--- ASSIGNED TASK ---
Copy every line from the material below that holds "dans".

--- EXTRACTED RECORDS ---
- - - - - - -

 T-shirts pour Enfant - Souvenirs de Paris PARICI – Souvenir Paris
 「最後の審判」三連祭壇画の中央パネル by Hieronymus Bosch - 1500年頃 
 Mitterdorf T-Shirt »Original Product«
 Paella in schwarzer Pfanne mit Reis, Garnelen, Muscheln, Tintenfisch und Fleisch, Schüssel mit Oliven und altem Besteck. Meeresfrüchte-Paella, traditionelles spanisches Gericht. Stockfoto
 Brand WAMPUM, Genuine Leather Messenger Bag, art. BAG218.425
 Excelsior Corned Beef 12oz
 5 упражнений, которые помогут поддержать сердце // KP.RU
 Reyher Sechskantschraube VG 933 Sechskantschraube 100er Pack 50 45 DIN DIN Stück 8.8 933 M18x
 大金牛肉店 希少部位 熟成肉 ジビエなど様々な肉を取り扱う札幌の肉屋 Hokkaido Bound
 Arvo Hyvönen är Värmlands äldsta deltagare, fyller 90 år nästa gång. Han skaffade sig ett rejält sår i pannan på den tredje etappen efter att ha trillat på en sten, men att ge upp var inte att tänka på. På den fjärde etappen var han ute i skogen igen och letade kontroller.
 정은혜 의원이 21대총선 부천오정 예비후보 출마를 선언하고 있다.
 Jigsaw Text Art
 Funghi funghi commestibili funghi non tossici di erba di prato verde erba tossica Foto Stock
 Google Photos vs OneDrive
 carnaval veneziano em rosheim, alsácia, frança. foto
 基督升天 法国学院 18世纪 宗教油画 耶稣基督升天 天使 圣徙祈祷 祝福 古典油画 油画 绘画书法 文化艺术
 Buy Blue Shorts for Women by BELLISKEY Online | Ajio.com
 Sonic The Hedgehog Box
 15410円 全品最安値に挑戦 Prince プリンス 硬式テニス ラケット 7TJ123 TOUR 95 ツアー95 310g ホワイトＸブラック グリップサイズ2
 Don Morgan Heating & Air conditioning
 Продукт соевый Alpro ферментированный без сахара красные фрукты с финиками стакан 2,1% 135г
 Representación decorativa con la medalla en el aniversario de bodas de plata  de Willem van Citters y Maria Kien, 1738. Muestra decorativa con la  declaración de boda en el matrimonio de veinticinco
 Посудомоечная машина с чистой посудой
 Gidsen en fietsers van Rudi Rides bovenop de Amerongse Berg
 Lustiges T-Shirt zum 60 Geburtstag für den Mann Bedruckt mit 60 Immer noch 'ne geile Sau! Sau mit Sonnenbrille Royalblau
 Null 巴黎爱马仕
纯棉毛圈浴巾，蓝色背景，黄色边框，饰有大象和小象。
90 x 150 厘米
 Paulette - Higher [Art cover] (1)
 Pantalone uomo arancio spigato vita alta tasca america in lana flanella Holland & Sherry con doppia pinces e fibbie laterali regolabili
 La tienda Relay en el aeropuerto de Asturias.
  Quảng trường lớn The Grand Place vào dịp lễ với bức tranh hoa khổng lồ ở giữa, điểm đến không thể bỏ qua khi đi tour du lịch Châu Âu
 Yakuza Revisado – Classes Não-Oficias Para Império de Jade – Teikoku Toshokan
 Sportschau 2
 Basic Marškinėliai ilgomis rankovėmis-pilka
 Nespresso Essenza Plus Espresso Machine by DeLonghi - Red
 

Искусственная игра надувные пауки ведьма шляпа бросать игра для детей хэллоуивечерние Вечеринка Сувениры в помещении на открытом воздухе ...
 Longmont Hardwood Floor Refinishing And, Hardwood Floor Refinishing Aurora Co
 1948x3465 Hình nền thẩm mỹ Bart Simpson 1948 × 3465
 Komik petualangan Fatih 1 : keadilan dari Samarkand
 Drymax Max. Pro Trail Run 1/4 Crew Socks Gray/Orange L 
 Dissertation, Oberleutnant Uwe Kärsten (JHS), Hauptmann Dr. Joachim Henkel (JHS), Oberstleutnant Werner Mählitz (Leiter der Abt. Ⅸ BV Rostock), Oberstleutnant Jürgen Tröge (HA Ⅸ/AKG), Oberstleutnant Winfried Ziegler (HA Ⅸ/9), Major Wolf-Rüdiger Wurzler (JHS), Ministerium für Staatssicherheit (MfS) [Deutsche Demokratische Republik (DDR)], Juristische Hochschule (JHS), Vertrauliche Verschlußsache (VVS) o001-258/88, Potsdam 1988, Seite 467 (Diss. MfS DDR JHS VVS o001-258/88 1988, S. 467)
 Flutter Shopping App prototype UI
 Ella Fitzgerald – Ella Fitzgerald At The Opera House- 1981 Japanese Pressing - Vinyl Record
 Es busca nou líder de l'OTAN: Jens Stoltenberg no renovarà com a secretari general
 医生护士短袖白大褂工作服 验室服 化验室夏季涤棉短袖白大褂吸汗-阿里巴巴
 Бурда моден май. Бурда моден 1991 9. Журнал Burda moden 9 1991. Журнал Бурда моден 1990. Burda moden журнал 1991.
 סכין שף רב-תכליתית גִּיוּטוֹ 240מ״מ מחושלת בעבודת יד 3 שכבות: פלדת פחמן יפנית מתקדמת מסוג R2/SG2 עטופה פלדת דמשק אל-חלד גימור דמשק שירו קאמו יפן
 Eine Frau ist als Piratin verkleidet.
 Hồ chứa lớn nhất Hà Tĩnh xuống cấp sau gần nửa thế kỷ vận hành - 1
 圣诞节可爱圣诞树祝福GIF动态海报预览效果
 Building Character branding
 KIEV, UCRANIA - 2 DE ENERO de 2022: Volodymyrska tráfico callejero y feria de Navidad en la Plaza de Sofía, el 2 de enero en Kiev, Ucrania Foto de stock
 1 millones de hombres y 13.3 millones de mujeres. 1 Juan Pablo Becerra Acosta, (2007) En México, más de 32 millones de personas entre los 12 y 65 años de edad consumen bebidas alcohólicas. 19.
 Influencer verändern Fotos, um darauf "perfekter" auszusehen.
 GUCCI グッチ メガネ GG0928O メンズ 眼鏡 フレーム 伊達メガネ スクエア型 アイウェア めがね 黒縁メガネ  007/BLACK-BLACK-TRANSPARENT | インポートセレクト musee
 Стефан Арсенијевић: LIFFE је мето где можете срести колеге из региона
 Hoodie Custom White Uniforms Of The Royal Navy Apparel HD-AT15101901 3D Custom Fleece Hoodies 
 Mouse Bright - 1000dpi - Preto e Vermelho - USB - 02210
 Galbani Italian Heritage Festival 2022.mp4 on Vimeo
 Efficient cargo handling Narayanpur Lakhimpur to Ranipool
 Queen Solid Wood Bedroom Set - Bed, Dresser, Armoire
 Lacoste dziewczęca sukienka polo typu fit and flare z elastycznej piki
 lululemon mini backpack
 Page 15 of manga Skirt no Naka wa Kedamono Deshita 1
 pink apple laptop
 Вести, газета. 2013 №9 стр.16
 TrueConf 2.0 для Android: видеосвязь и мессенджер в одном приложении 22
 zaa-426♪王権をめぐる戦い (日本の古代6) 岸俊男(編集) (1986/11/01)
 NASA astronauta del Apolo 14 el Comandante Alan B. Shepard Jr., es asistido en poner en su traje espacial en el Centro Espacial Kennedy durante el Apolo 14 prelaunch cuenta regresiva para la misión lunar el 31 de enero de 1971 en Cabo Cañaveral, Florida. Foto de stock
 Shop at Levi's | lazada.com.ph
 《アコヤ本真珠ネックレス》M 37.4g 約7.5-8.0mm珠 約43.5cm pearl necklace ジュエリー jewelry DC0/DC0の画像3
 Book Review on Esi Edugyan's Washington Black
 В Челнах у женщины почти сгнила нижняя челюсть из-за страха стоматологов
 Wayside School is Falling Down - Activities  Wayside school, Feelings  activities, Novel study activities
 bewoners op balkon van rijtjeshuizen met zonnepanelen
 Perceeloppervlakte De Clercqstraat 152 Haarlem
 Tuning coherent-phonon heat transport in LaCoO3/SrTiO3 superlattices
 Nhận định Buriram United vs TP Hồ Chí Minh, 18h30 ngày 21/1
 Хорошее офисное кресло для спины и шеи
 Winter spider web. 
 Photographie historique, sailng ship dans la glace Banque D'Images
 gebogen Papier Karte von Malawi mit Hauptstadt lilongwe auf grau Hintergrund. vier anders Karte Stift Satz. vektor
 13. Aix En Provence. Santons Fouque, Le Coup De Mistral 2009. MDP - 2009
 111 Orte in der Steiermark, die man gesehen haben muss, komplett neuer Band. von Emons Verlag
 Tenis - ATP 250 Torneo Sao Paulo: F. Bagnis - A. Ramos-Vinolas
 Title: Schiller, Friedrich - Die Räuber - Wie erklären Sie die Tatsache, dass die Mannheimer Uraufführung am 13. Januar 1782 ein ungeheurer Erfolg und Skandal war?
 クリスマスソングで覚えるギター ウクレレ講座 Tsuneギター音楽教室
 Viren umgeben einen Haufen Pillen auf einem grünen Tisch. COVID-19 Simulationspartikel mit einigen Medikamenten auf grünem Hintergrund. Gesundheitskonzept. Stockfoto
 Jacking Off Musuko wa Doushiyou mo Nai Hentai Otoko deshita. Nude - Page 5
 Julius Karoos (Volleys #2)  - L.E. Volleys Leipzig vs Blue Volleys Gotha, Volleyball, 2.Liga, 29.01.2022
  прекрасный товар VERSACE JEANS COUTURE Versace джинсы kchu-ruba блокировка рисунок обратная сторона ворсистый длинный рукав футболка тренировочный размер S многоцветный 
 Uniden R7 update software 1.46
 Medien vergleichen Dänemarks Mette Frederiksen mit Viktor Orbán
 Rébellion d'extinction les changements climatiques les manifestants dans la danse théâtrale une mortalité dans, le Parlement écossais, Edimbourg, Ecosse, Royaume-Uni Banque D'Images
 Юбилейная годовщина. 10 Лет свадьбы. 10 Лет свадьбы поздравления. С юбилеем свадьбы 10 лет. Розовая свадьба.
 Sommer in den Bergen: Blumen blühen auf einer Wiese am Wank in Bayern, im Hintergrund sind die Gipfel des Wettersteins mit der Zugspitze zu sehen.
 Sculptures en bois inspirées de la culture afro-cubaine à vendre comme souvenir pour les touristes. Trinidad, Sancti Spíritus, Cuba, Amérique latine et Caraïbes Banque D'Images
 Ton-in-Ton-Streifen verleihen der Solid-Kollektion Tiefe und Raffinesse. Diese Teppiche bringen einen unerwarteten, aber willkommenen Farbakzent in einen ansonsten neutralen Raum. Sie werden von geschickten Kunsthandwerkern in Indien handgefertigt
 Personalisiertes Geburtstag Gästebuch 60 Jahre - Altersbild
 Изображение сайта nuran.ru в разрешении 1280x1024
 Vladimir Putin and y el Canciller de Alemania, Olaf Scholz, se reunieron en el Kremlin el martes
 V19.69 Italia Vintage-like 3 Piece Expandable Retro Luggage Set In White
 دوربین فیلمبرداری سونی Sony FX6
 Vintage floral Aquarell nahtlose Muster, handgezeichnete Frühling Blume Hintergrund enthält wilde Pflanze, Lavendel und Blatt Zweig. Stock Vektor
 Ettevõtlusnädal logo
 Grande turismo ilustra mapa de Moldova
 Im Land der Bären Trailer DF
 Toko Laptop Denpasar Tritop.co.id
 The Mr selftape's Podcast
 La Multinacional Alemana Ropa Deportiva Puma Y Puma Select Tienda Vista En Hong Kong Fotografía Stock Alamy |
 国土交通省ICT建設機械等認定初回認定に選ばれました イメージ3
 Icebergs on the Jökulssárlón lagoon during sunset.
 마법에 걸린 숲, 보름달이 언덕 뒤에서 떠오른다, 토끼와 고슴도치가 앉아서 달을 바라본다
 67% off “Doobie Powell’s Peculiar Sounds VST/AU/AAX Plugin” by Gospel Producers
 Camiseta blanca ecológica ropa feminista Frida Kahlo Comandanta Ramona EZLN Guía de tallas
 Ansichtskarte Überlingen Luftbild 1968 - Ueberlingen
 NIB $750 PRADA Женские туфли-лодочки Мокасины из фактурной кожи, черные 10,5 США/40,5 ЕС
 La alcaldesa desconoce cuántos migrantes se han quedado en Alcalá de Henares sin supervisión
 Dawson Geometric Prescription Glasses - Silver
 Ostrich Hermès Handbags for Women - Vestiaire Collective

- - - - - - -

--- RESPONSE TO THE TASK ---
 Photographie historique, sailng ship dans la glace Banque D'Images
 Rébellion d'extinction les changements climatiques les manifestants dans la danse théâtrale une mortalité dans, le Parlement écossais, Edimbourg, Ecosse, Royaume-Uni Banque D'Images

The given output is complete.